Una vez cometido el robo -los despojaron de celulares, dinero en efectivo, y algunas joyas-, los tipos armados preguntaron por las llaves de los vehículos que estaban estacionados frente al domicilio, entre los que se encontraba un Dogde tipo Charger del año 2012, color negro con azul.

Era el carro de un amigo, pero Ramiro lo manejaba esa noche. Así que él tenía las llaves en la bolsa de su pantalón cuando uno de los agresores se las encontró y lo jaló del brazo para sacarlo a la fuerza del domicilio de la fiesta, ubicado en la colonia Rodríguez de Reynosa.

-El coche es mío, llévenme a mí- asegura que gritó uno de los testigos-.

Como respuesta, solo obtuvo más golpes.

Horas después, ya en la madrugada, uno de los testigos sacó valor para ir hasta el domicilio de Ramiro Licea, en la colonia Benito Juárez.

Los padres del joven, Mario Alberto y Herlinda, abrieron la puerta alarmados.

“Unos tipos se robaron mi carro -les dijo- y se llevaron a Ramiro”.

Las extorsiones

La escena anterior forma parte de la denuncia que uno de los testigos del suceso levantó ante la Fiscalía General de Tamaulipas por el robo del Dodge Charger, y en la que también se reporta el secuestro de Ramiro y de otra persona.

Dicha denuncia, a la que este medio tuvo acceso, se interpuso el 28 de abril, casi dos meses antes de la masacre del 19 de junio, cuando integrantes del crimen organizado asesinaron al azar a 15 civiles en Reynosa. Y dos meses antes de que el 24 de junio los Grupos de Operaciones Especiales (GOPES) detuvieran a cuatro personas como los presuntos secuestradores de 18 personas que estaban retenidas en una casa de seguridad en un paraje del municipio de Río Bravo, en la frontera norte con Estados Unidos.

Sin embargo, aunque se produjeron en tiempos diferentes, el secuestro de Ramiro Licea y estos sucesos están relacionados, como se expondrá a continuación.
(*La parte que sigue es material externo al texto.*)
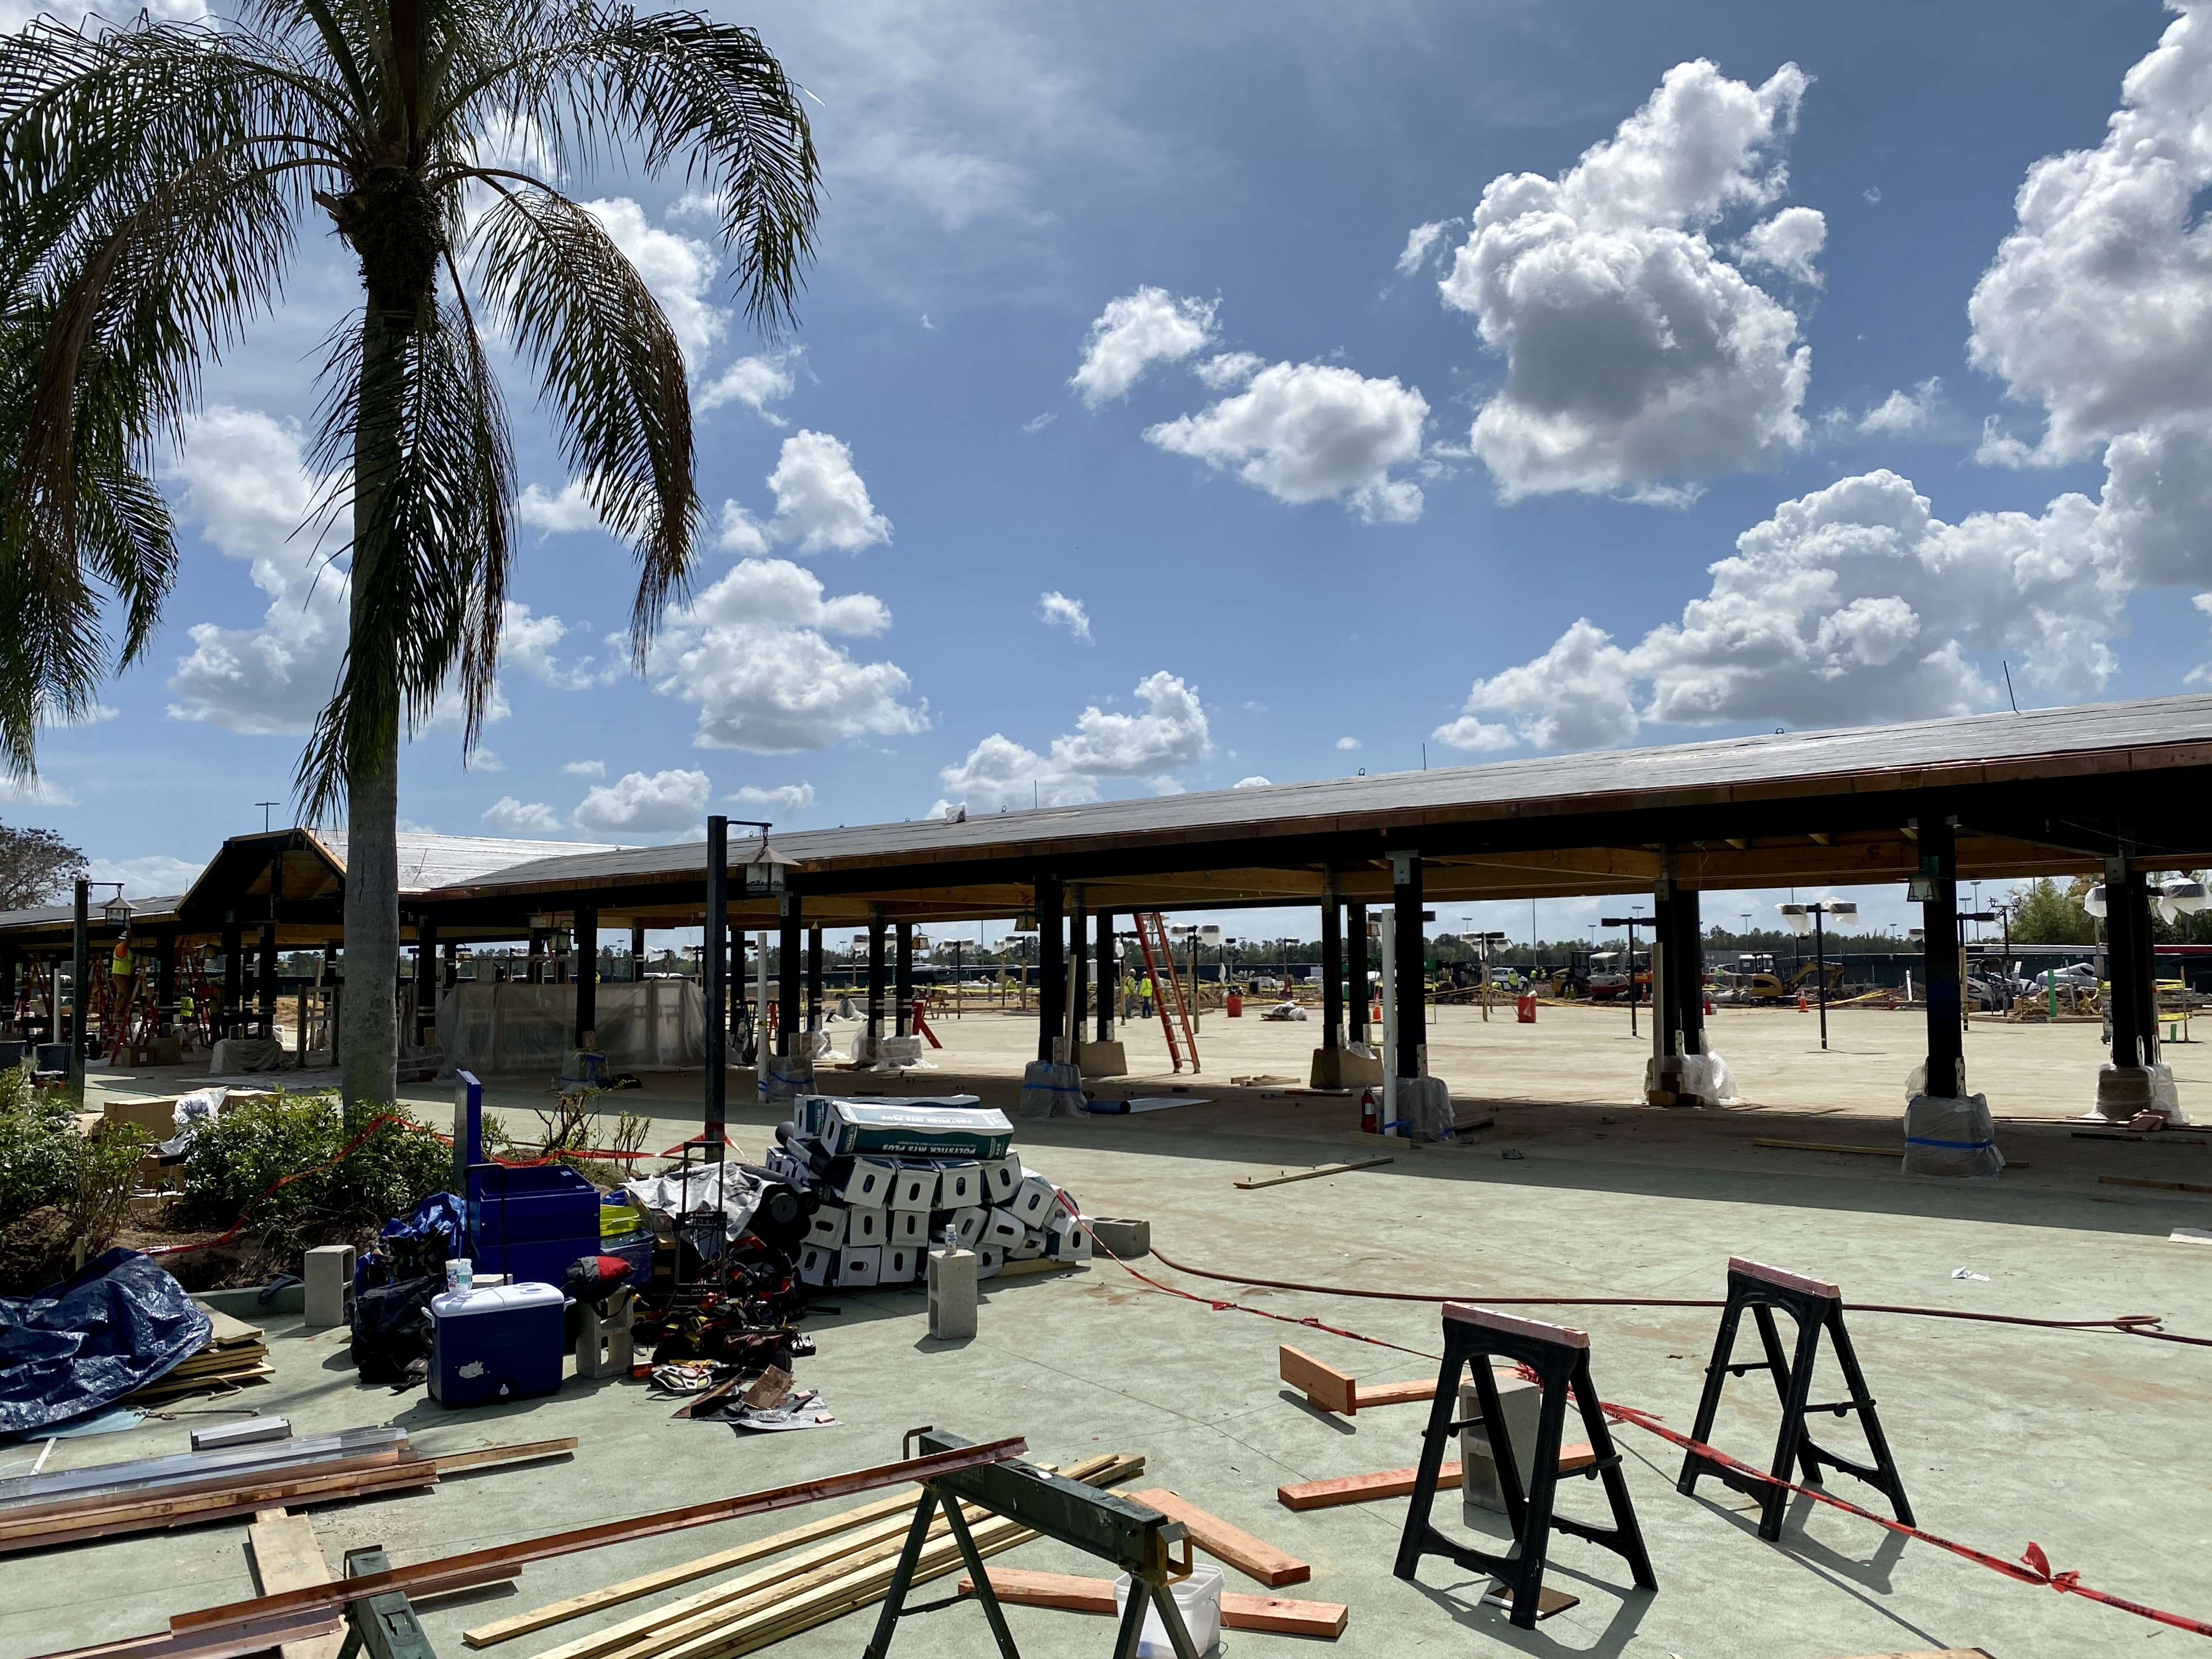 https://wdwnt.com/2020/03/photos-disneys-animal-kingdom-construction-entrance-plaza-update/

Mario Alberto Licea, padre de Ramiro, cuenta en entrevista que poco después del secuestro también acudió ante las autoridades ministeriales para denunciar la desaparición de su hijo.
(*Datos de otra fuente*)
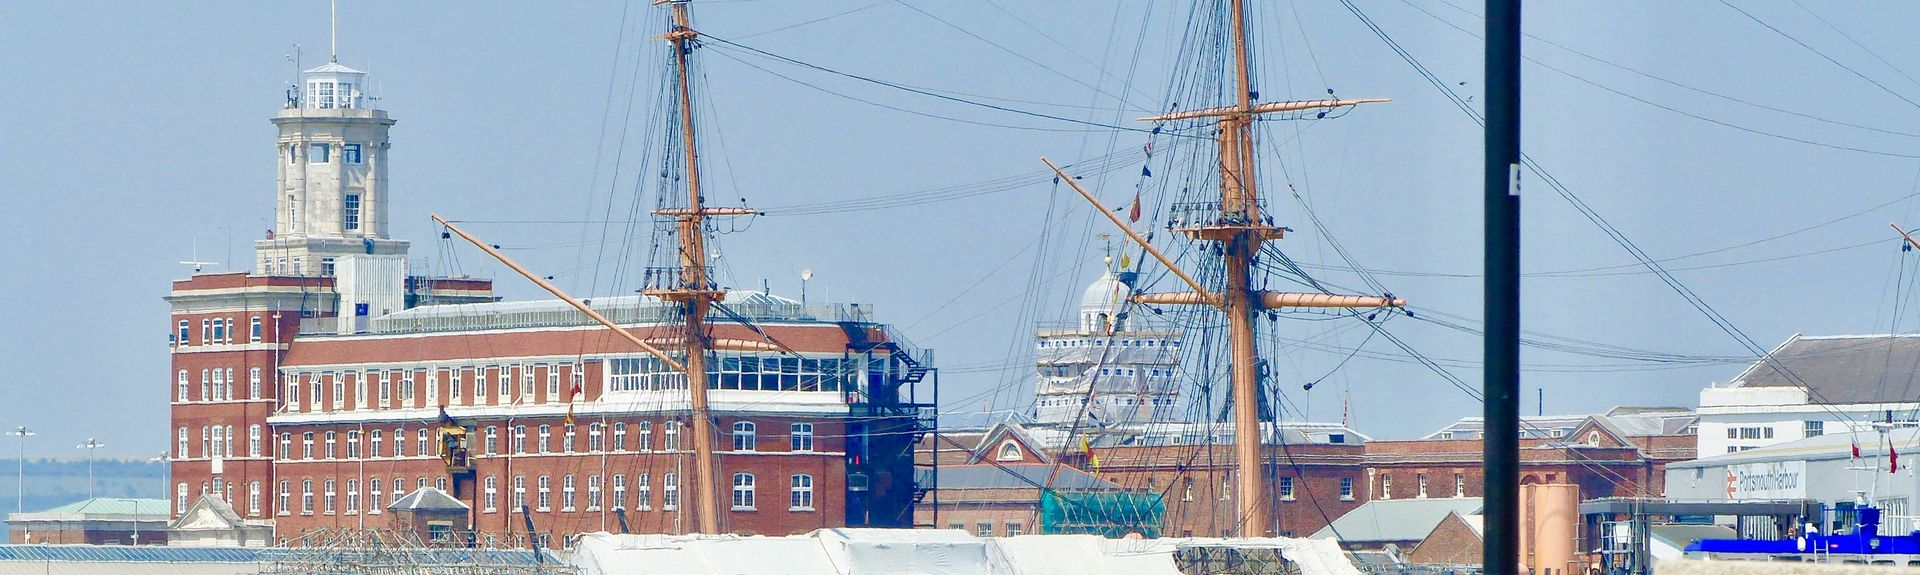 Old Portsmouth, Portsmouth, Portsmouth, UK

Pero asegura que una llamada telefónica lo hizo desistir.

“Me dijeron que sabían dónde vivíamos y que mejor no le moviera al asunto”, dice el hombre, carpintero de profesión. A continuación, explica que aunque no pusieron formalmente la denuncia, sí imprimieron fichas con el letrero de ‘Se Busca’ con los datos y la fotografía de Ramiro, en la que se aprecia a un joven de tez aperlada, ojos café claros y ligeramente rasgados, y tatuajes en en el brazo derecho y el hombro izquierdo.

También difundieron imágenes en redes sociales y en grupos de whatsapp, en las que Ramiro aparece con una gorra de una cadena de cines, uno de los empleos que tuvo, como empleado en un restaurante especializado en alitas.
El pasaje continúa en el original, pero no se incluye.